PVC wire and cable sector also consumes lead stabilizers and will continue to use them because of inherent advantages offered by lead in terms of superior electrical resistance. While wire and cable sector constitutes only about 2-3% of the total PVC consumption, it requires heavy dosage of lead stabilizer at about 2-3% level. Lead stabilizers are being phased out in Europe. It is expected that by 2010, lead will be replaced by lighter metals like calcium or zinc, as well as organic stabilizers. Most of the replacement of lead will take place in pipe sector. The wire and cable sector is expected to stay with lead stabilizer longer until a suitable alternate is developed matching technical performance of lead. All the developments in this area still continue to be deficient.

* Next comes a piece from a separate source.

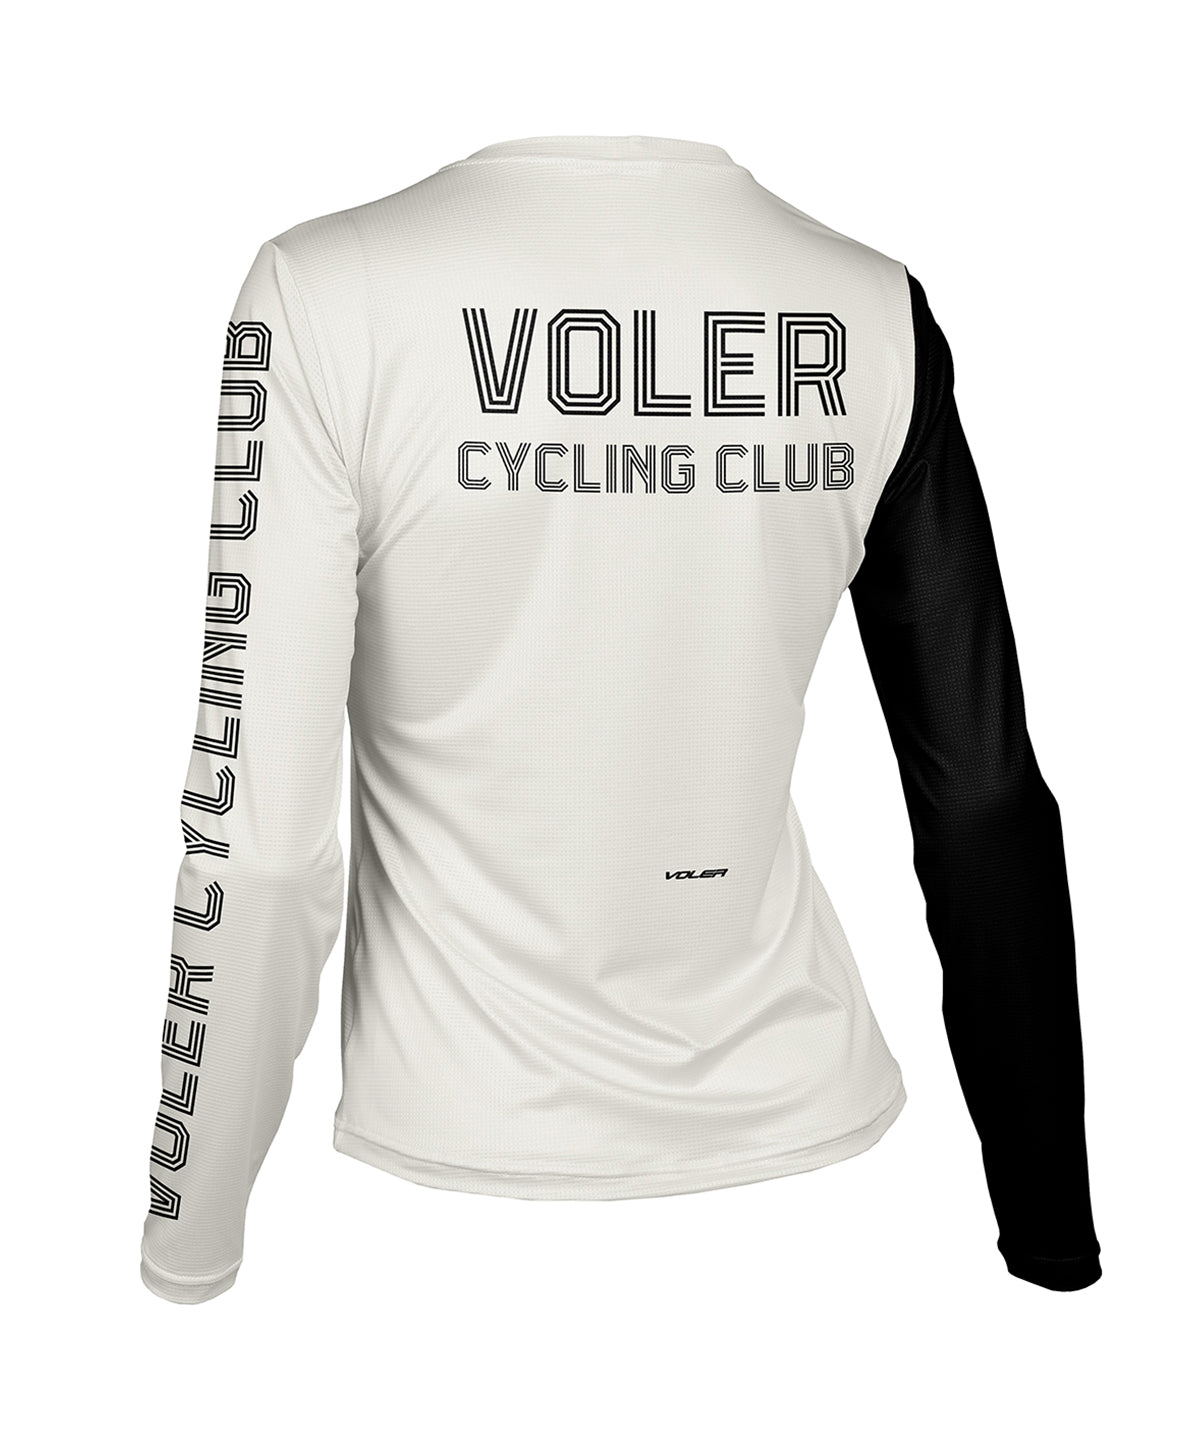 W. ENDURANCE AIR LS TEE - VOLER CYCLING CLUB

Another group of additives called impact modifier/processing aids constitute another 30% of the PVC additive spectrum. More than 60% of PVC is in the form of unplasticized or rigid products. They are not soft and flexible because of the absence of plasticizers. To impart better flexibility impact strength without affecting rigidity, a group of polymeric additives called impact modifiers are used. They are used at the level of 2-10% depending upon the requirement of impact strength. The co-polymeric type of acrylates (MBS type) also retains inherent clarity of PVC and is used for films and sheets used for packaging. There are other impact modifiers (mainly acrylates and chlorinated PE) that also help in providing weather resistance due to better retention of impact strength over a long period of time and are used for window profiles etc.
Rigid PVC is quite difficult to process since it has high viscosity. To improve its processability without reducing mechanical properties appreciably, a group of polymeric additives (PMMA of specific molecular weight and particle size distribution) are used. While pipe may or may not use processing aids (only larger pipes require processing aids), profile, rigid film and sheet need processing aid for ease of processability. Higher dosing and larger volumes of PVC are responsible for higher usage of impact modifier/processing aid and heat stabilizer. They will continue to remain larger in future as well.

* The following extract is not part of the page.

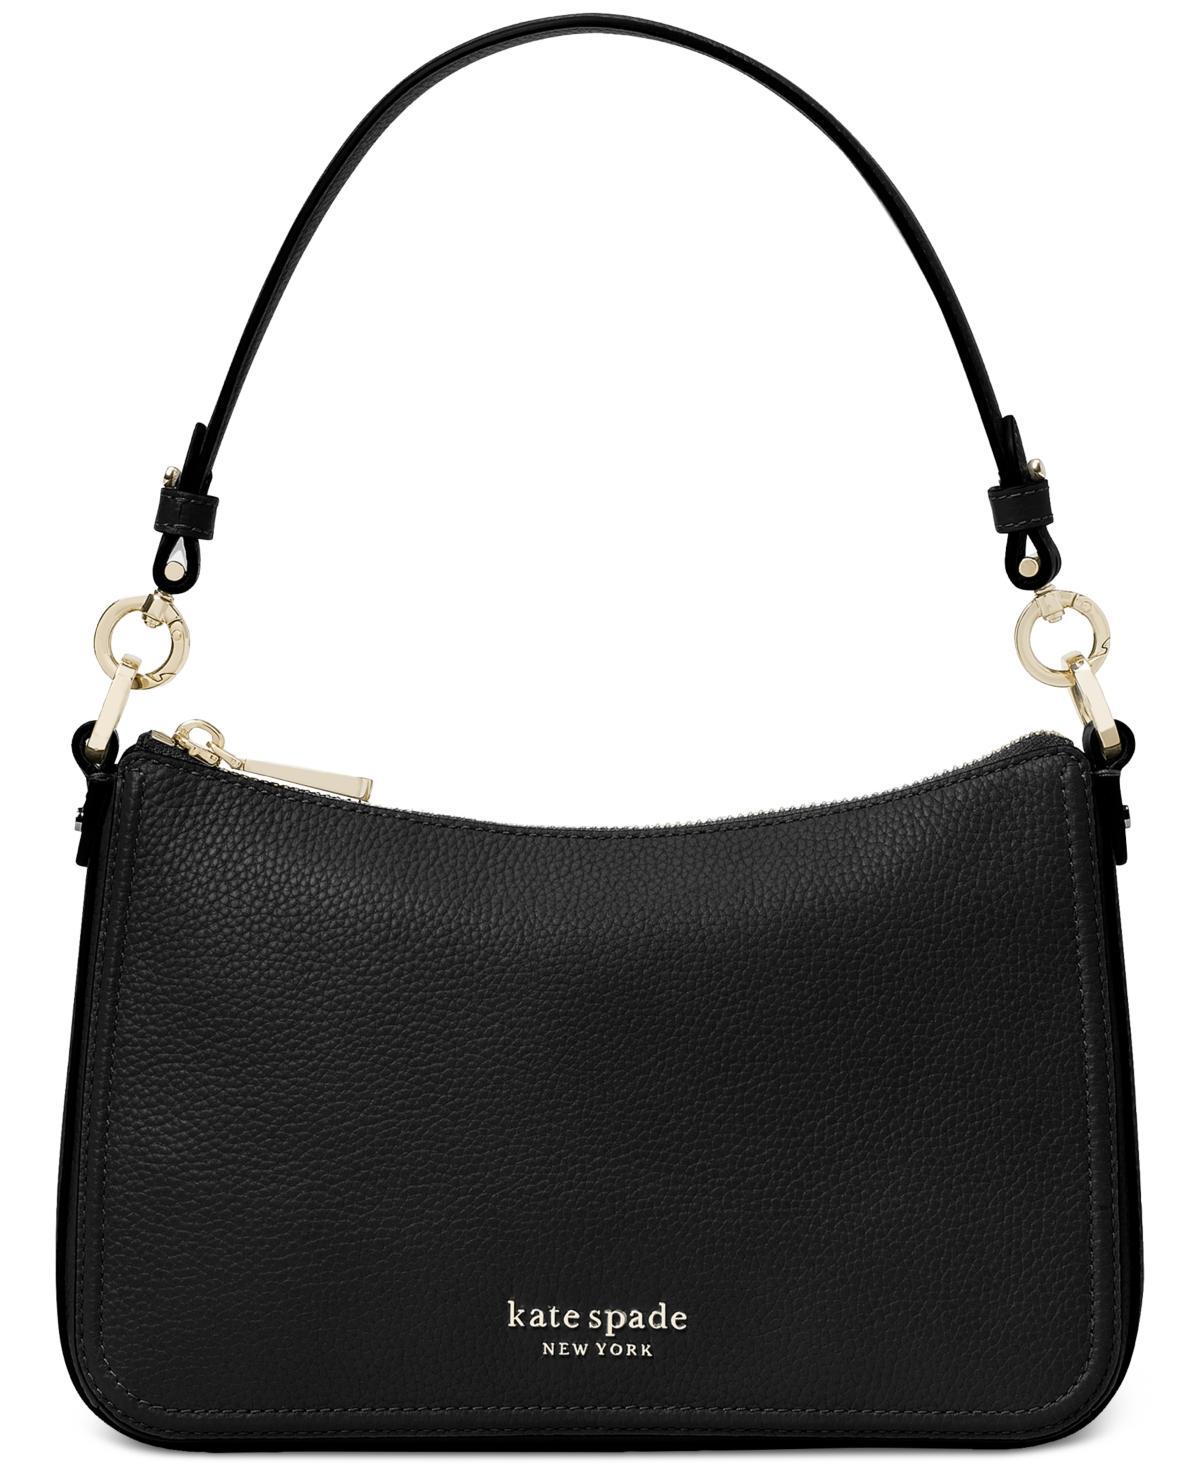 kate spade new york hudson pebbled leather medium shoulder bag Product Image

PVC melt gets stuck on hot metal during processing. It therefore requires higher level of lubricants that prevent sticking of PVC melt to hot metal. In addition, improving flow by addition of PVC compatible additives called internal lubricants are also used. Lubricants of all types are added at about 0.5-1% levels. Obviously 15% of the PVC additives comprise of lubricants.

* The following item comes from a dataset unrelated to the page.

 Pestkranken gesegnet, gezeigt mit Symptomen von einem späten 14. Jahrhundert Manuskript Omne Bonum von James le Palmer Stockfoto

PVC is inherently more flame retardant than the other commodity polymers. However, addition of plasticizers reduces flame resistance. For instance, limiting oxygen index of unplasticized PVC is 40 but plasticized PVC compositions can have oxygen index as low as 23 to as high as 27. These compositions therefore are required to be made more resistant to flame by incorporation of flame retardant additives. The flame retardant additives used are antimony trioxide, zinc borate or molybdenum oxide. While antimony trioxide increases oxygen index, both zinc borate and molybdenum oxide help in suppression of smoke after the fire is caught by PVC product. To further reduce smoke, additives (more like fillers) such as aluminum hydroxide are incorporated. These additives are required to be incorporated at much higher dosage compared to heat stabilizer, processing aid etc and therefore constitute 12% of additives.

PVC requires the largest dosage among all other polymers. Antioxidant is generally used by polyolefins, but PVC is quite resistant to oxidative degradation. However the dosage of antioxidant is lower than 0.2% compared to average 2-3% of heat stabilizer used in PVC. Antioxidant therefore has only has 1% share of the global additive consumption by volume.